Saturday, February 17, 2007

Polish archbishop retracts statement that he aided communist police

A Polish archbishop who resigned after admitting collaboration with communist secret police has withdrawn his confession and asked a court to clear his name, Catholic News Service reports.
Lawyers for former Warsaw Archbishop Stanislaw Wielgus said he did not collaborate and that his secret police files were falsified. "There was neither secret not conscious collaboration -- in my view, the archbishop acted in the interests of the church," said Marek Malecki, a lawyer acting for Archbishop Wielgus. He said a trial would allow "a different evaluation of the stance of clergy at the time."
Waldemar Gontarski, another lawyer, told the Zycie Warszawy daily Feb. 13 that the national appeal the archbishop delivered Jan. 5 was not his own and that "not just his signature, but the whole file covering his alleged cooperation with the secret services has been falsified."
Malecki filed a petition with Warsaw's Verification Court on behalf of Archbishop Wielgus, who resigned Jan. 7, two hours before his formal installation ceremony as archbishop of Warsaw.
In his January 5 appeal to Catholics, Archbishop Wielgus said he had met with secret police agents on numerous occasions in the 1960s and 1970s and signed a collaboration pledge during a "moment of weakness." Malecki told the Polish Catholic news agency KAI that passages had been added to Archbishop Wielgus' Jan. 5 statement without his knowledge, including the words: "I harmed the church by the fact of my entanglement.
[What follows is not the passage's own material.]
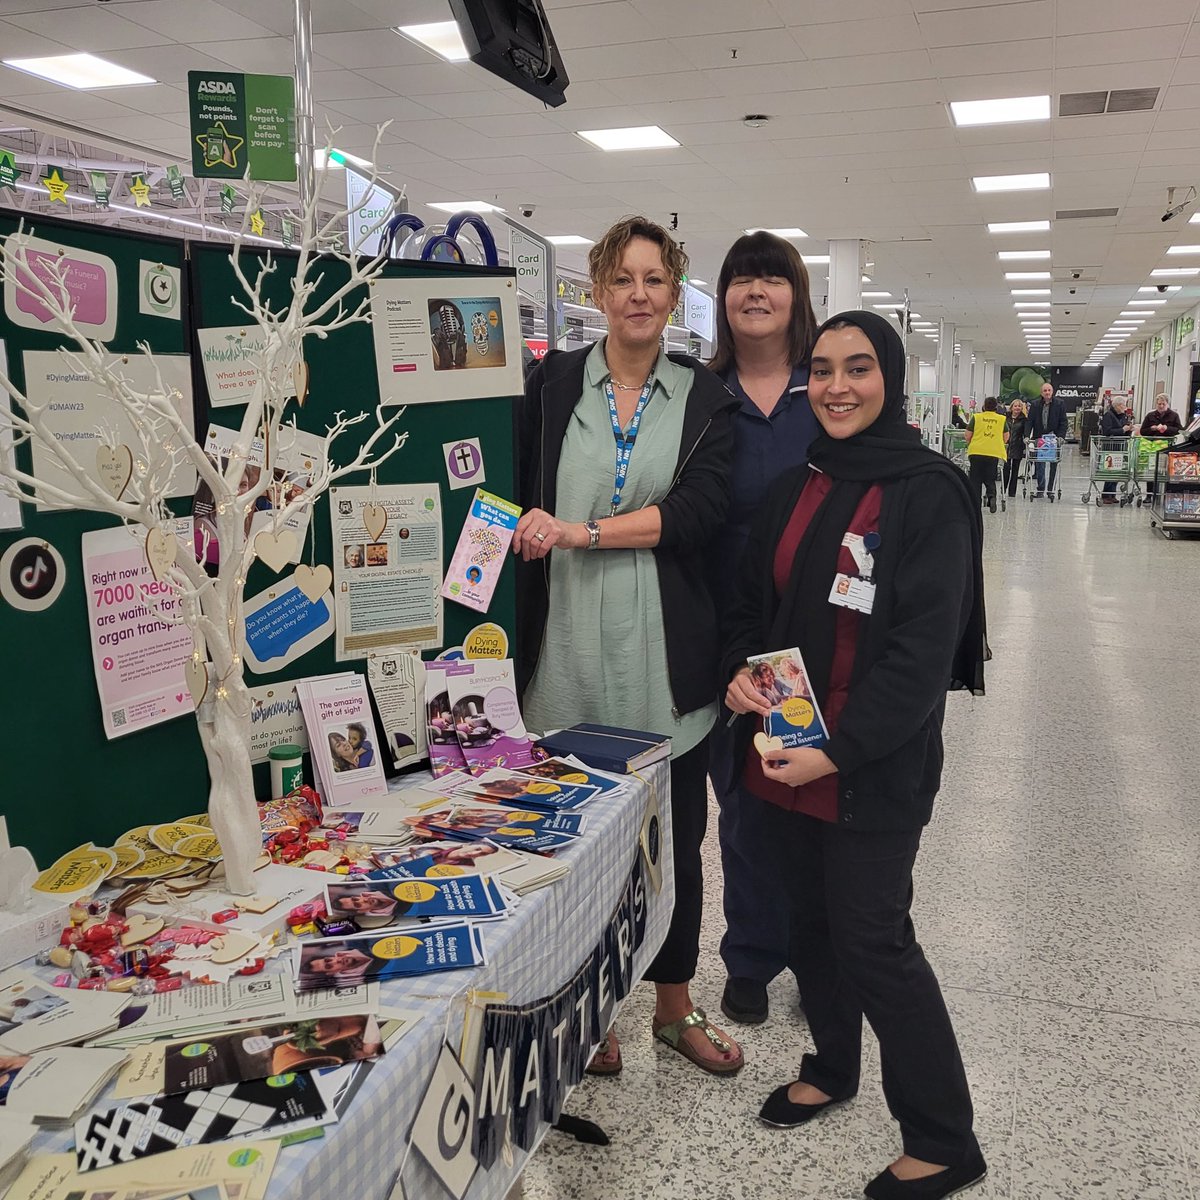 Thank you to Bury Community specialist palliative care team in conjunction with Bury hospice and Adsa Pilsworth supporting Dying Matters awareness week #DyingMattersAwarenessWeek @Wendyparker1992 @davidwthorpe1 @NCAlliance_NHS @BuryCO_NHS @BuryHospice @jacqui_burrow

I harmed it again when, in recent days, facing a heated media campaign, I denied the fact of my cooperation."
He added that the accusations against the archbishop had disregarded Polish law, which requires collaboration to be established by a constitutional court ruling, and said Archbishop Wielgus also had a right to have his case partly heard in secret. "This is an absolutely exceptional situation - a member of the clergy has decided to submit himself to verification to obtain moral exoneration," said the lawyer, who has acted successfully for other high-profile clients. "I can assure you the archbishop is determined to defend his rights and present the truth about his activities in that period to public opinion."
In December Archbishop Wielgus, who has not spoken publicly since resigning, was named to succeed Cardinal Jozef Glemp as head of the Warsaw Archdiocese. However, the Gazeta Polska weekly accused Archbishop Wielgus of having been a "trusted collaborator" of Poland's secret police, the Sluzba Bezpieczenstwa, for 22 years.
The allegation was confirmed in early January by separate commissions appointed by Poland's civil rights commissioner and the bishops' conference; representatives of both said they had seen documents confirming the archbishop's "deliberate secret cooperation."
However, in a January 9 Polish TV interview, Cardinal Glemp said the archbishop had fallen victim to an "organized media action" and urged him to take legal action.